Не скоро желание осуществилось. Миновало, пожалуй, лет двадцать... Занимая в одном учреждении неплохую должность, я начал постепенно замечать, что становлюсь чем-то вроде заводного паровозика: повернут ключик, и он бежит по круговому пути от будочки до станции...

Дорога от дома до учреждения, и дела внутри учреждения, и путь от учреждения домой настолько примелькались, что стало возможным все совершать с закрытыми глазами — круг повторялся за кругом, год за годом, мир исчез...

И тогда вспомнилась река, баржи, луговой простор, чья-то жизнь и работа в речном раздолье. И рука, прорывая привычный круг, сама потянулась написать заявление об уходе и заявление о приеме в отряд инженерно-геологической съемки, отправлявшийся на Ангару...

И стою уже на высоком берегу Енисея, и внизу — баржа-самоходка. Наша баржа! Мы грузим ящики, мешки, рюкзаки, устраиваемся на крыше рубки, последний взмах руки: прощай, база! Минуем кусок широчайшего Енисея, у поселка Стрелка входим в устье Ангары, поднимаемся вверх через пороги и шиверы. Жизнь на барже и впрямь оказалась необычайной и самые прозаичные житейские дела, вроде стирки, сна и обеда, среди простора на фоне синих скал и тайги обретали какой-то иной, глубокий смысл.

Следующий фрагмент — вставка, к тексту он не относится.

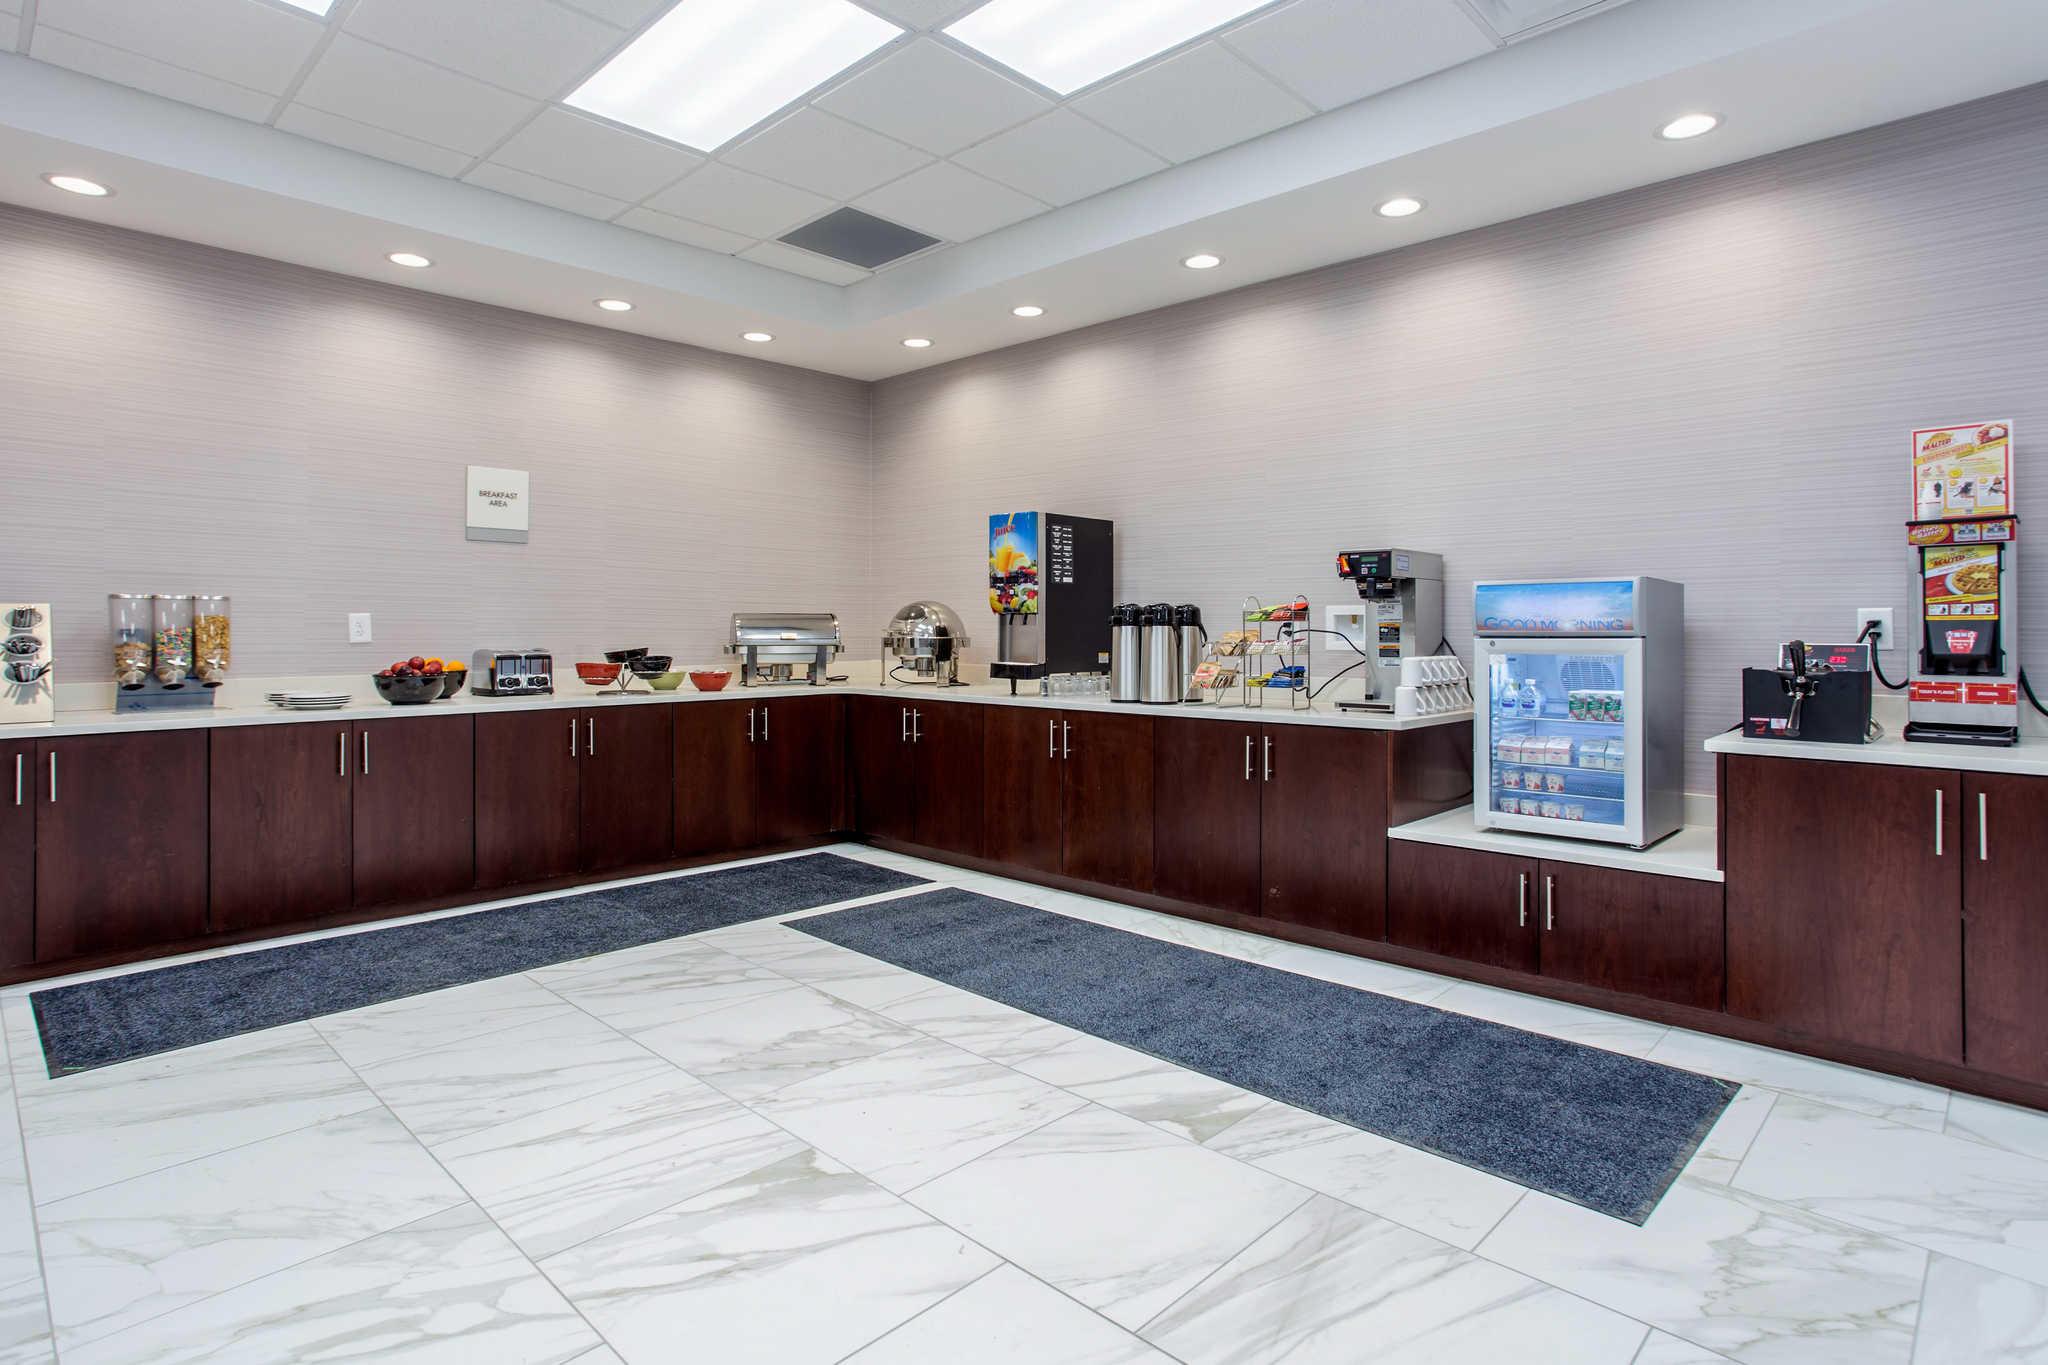 Clarion Inn & Suites image 25

После того сезона захотелось получше увидеть Енисей, и удалось пройти его с рефрижератором до Дудинки и назад до Красноярска. Потом Лена, потом Иртыш и Обь... Светлые ночи в рубках, жаркие дни на палубе, снег по берегам в июле, незаходящее солнце, рассказы капитанов о причудах реки, легенды о речных радетелях и оратаях, судьбы, в каждой из которых — золотая крупица (не приходилось встречать на реке человека неинтересного, скучного, пресного) — все вбиралось, запоминалось, откладывалось. И одним из первых отстоялся рассказ о человеке робком и незаметном, но по-своему сильном, увиденном в рейсе по Енисею.


ДВЕ СИГАРЕТЫ


Как подошли к Полярному кругу, сразу похолодало. По стеклу иллюминатора поползли капли, и тысячу раз повторялся в них затянутый мутью Енисей, черные волны и блеклая зелень плоского берега. Ольга Кузьминична мельком взглянула на реку, зевнула и поежилась под платком; она мерзла и поэтому почти целый день провела в каюте на койке, укрывшись одеялом, но сейчас поднялась, чтоб посмотреть Курейку — поселок на левом берегу.

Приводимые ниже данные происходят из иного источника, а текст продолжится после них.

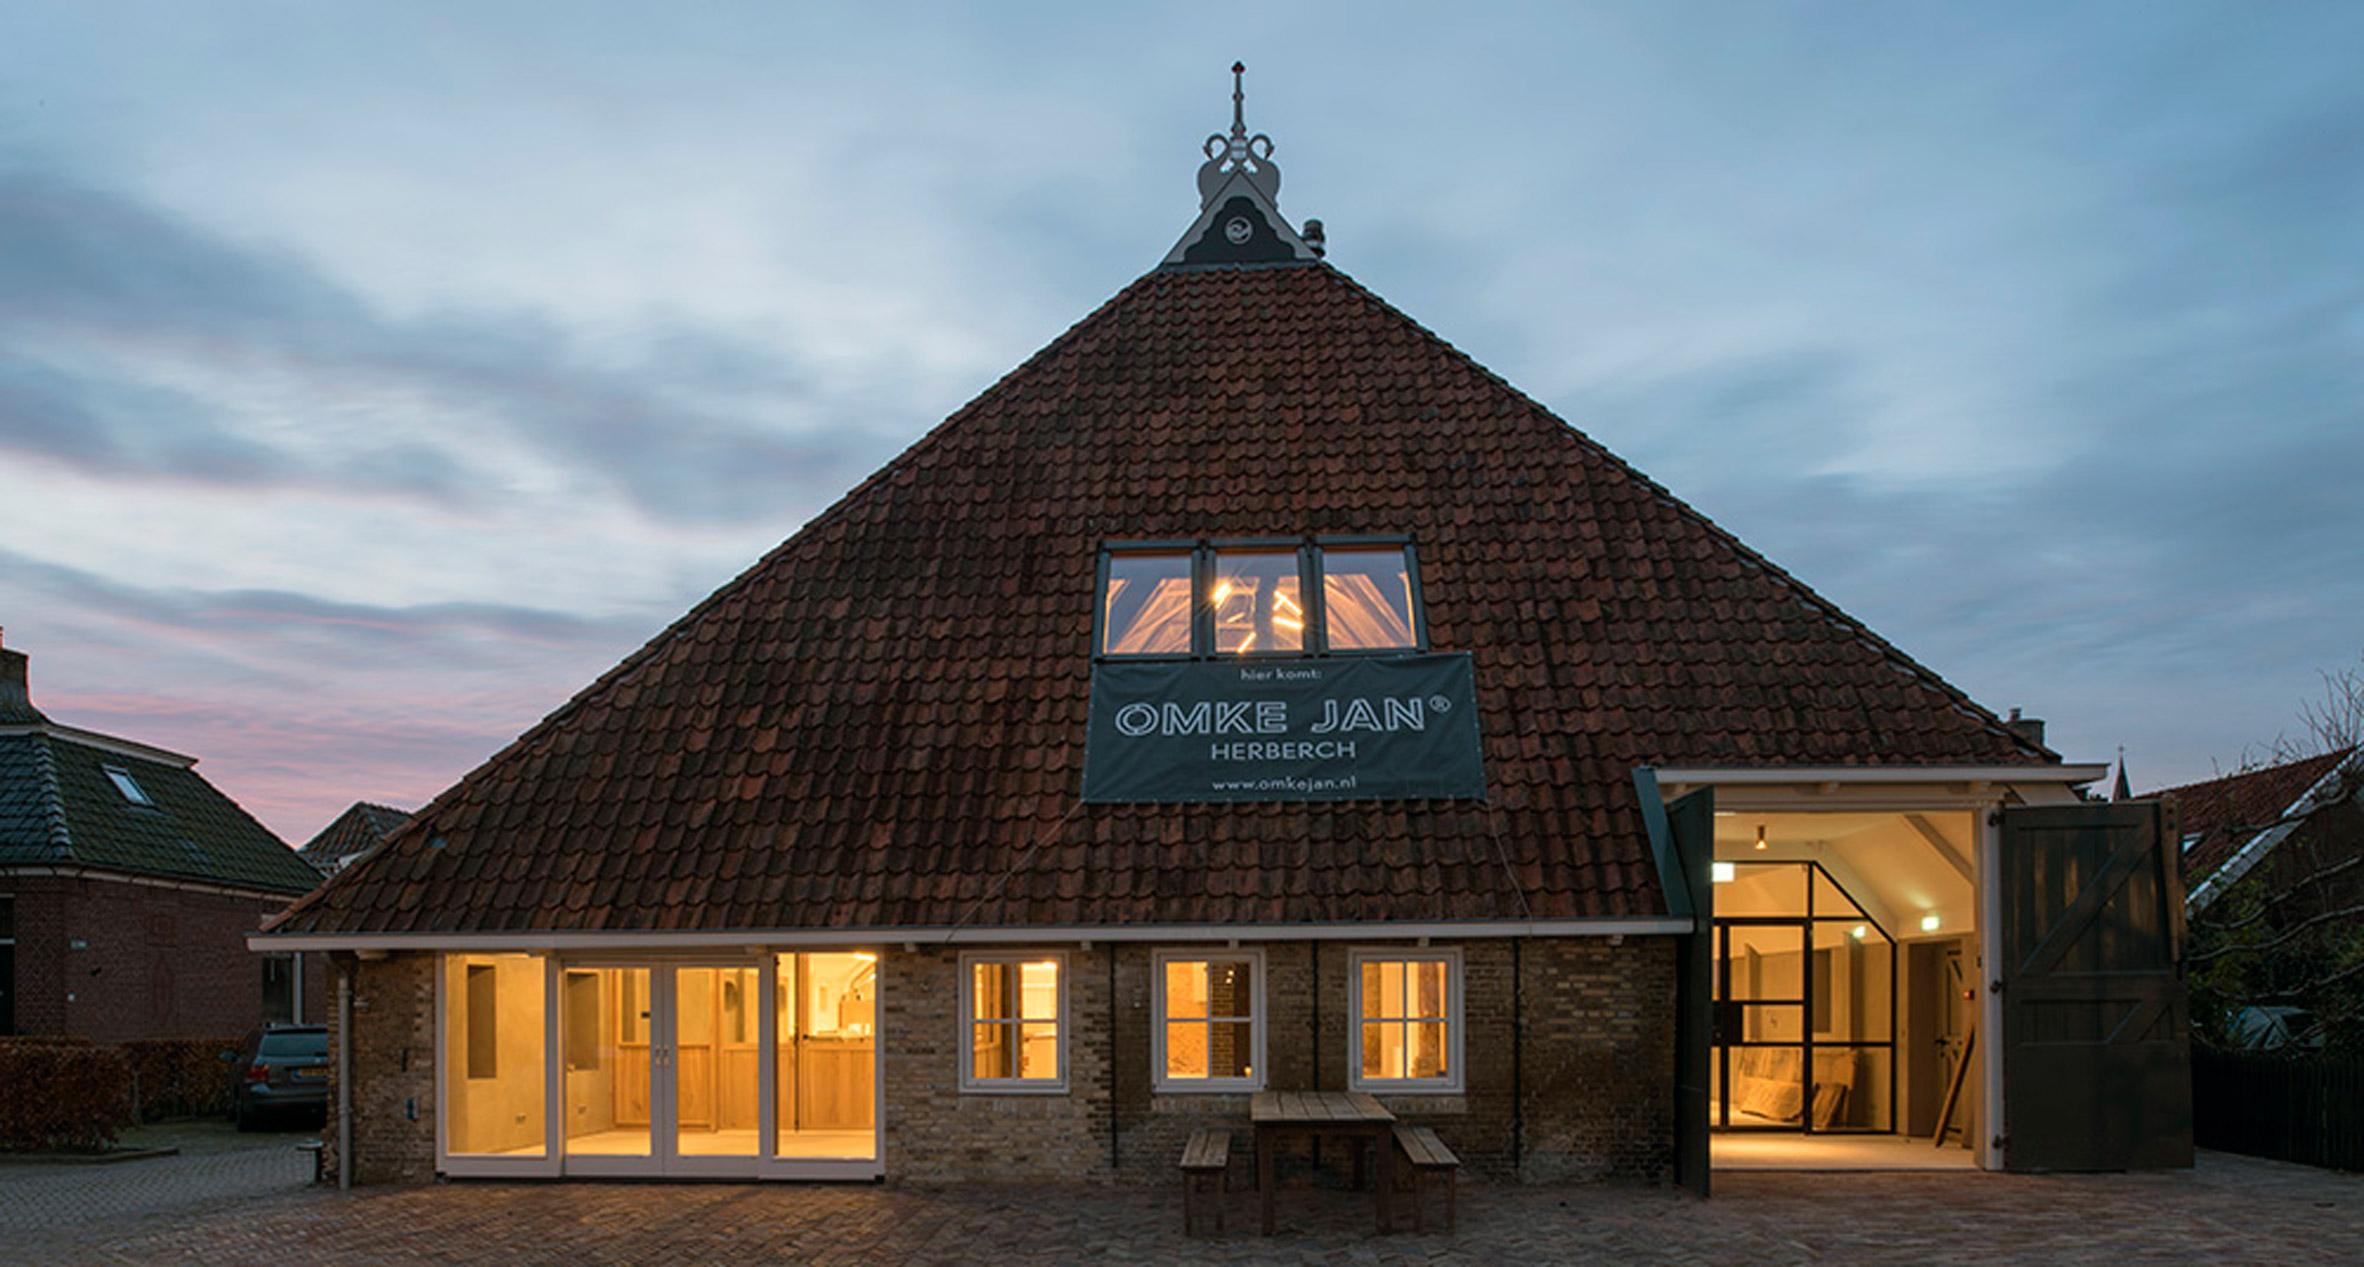 Piet Hein Eek and Iggie Dekkers convert Friesian barn into rustic guesthouse

Не видно. Значит, прошли. Да, прошли — повариха Маша стучит в дверь:

— Обедать идите! Бесплатный нынче обед! Обедать!

В Заполярье команде прибавляют к зарплате на еду. Выходит, прошли Курейку... И чего вспомнилась Курейка? Старость, что ль, подошла?..

Ольга Кузьминична не любила воспоминаний, потому что они были такими же холодными и мутными, как сегодняшняя погода, от них становилось зябко.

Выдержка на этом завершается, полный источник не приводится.